Should We Be Perturbed About Deep Learning?

Desmond Higham, The University of Edinburgh
Enabling real-time multi-messenger astrophysics discoveries with deep learning

Many commentators are asking whether current AI solutions are sufficiently robust, resilient, and trustworthy; and how such issues should be quantified and addressed. I believe that numerical analysts can contribute to the debate.

In part 1 of this talk I will look at the common practice of using low precision floating point formats to speed up computation time.

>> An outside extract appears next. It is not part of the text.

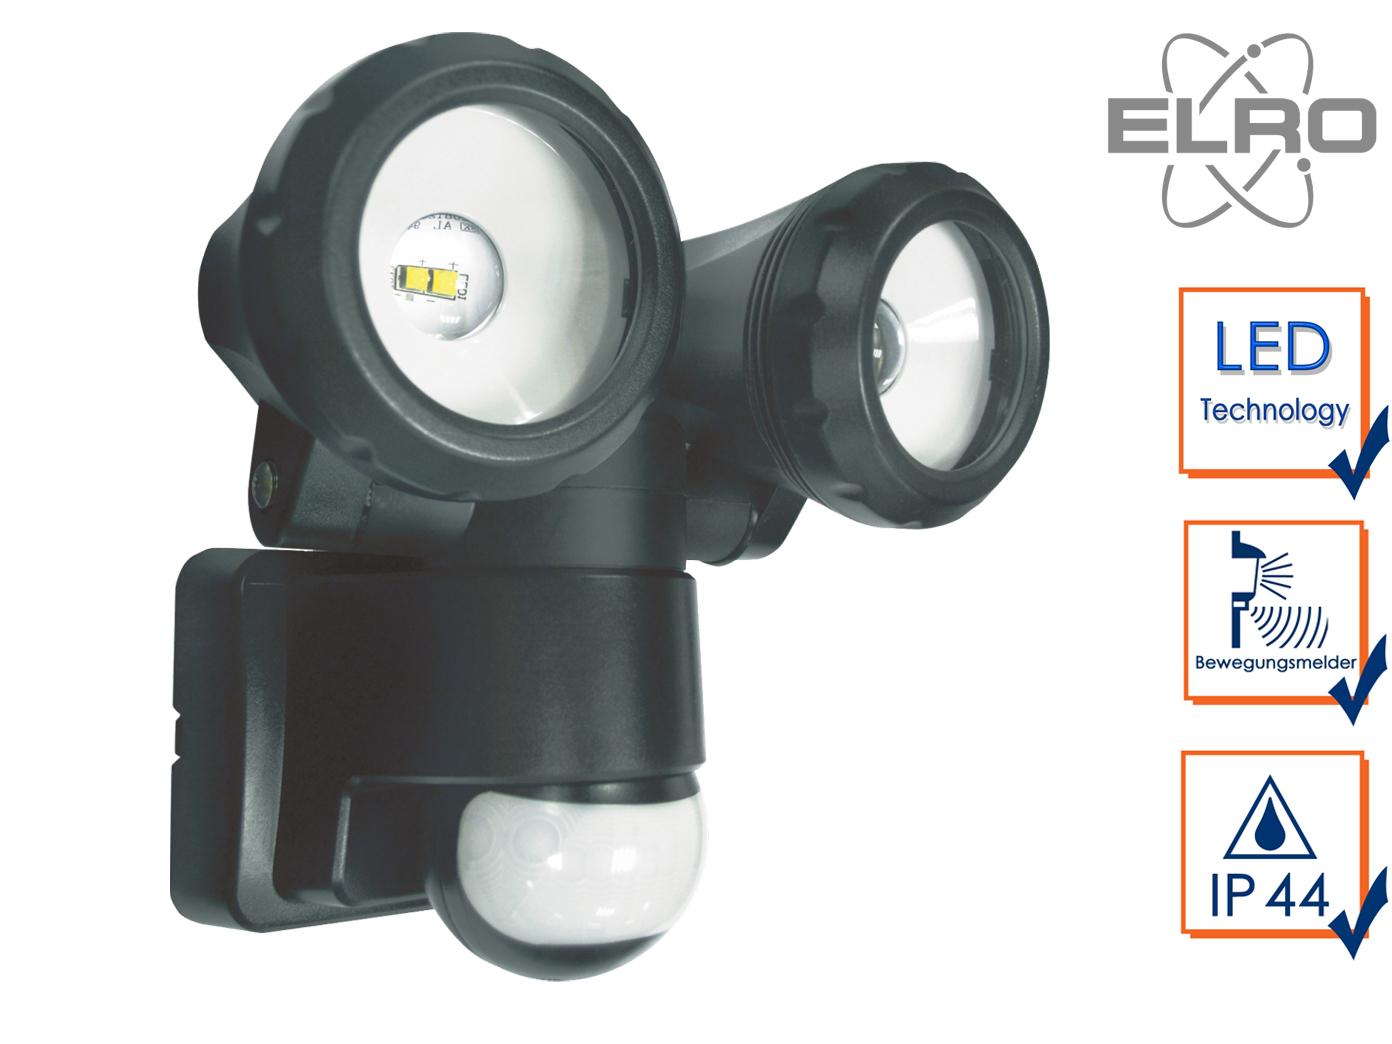 10 w LED lámpara de parojo exterior 12 metros muro detectores de movimiento emisor eh exterior

I will focus on evaluating the softmax and log-sum-exp functions, which play an important role in many classification tools. Here, across widely used packages we see mathematically equivalent but computationally different formulations; these variations have been designed in an effort to avoid overflow and underflow. I will show that classical rounding error analysis gives insights into their floating-point accuracy, and suggests a method of choice. In part 2 I will look at a bigger picture question concerning sensitivity to adversarial attacks in deep learning. Adversarial attacks are deliberate, targeted perturbations to input data that have a dramatic effect on the output; for example, a traffic "Stop" sign on the roadside can be misinterpreted as a speed limit sign when minimal graffiti is added. The vulnerability of systems to such interventions raises questions around security, privacy and ethics, and there has been a rapid escalation of attack and defense strategies. I will consider a related higher-level question: under realistic assumptions, do adversarial examples always exist with high probability? I will also introduce and discuss the idea of a stealth attack: an undetectable, targeted perturbation to the trained network itself.

Part 1 is joint work with Pierre Blanchard (ARM) and Nick Higham (Manchester).

Part 2 is joint work with Alexander Gorban and Ivan Tyukin (Leicester).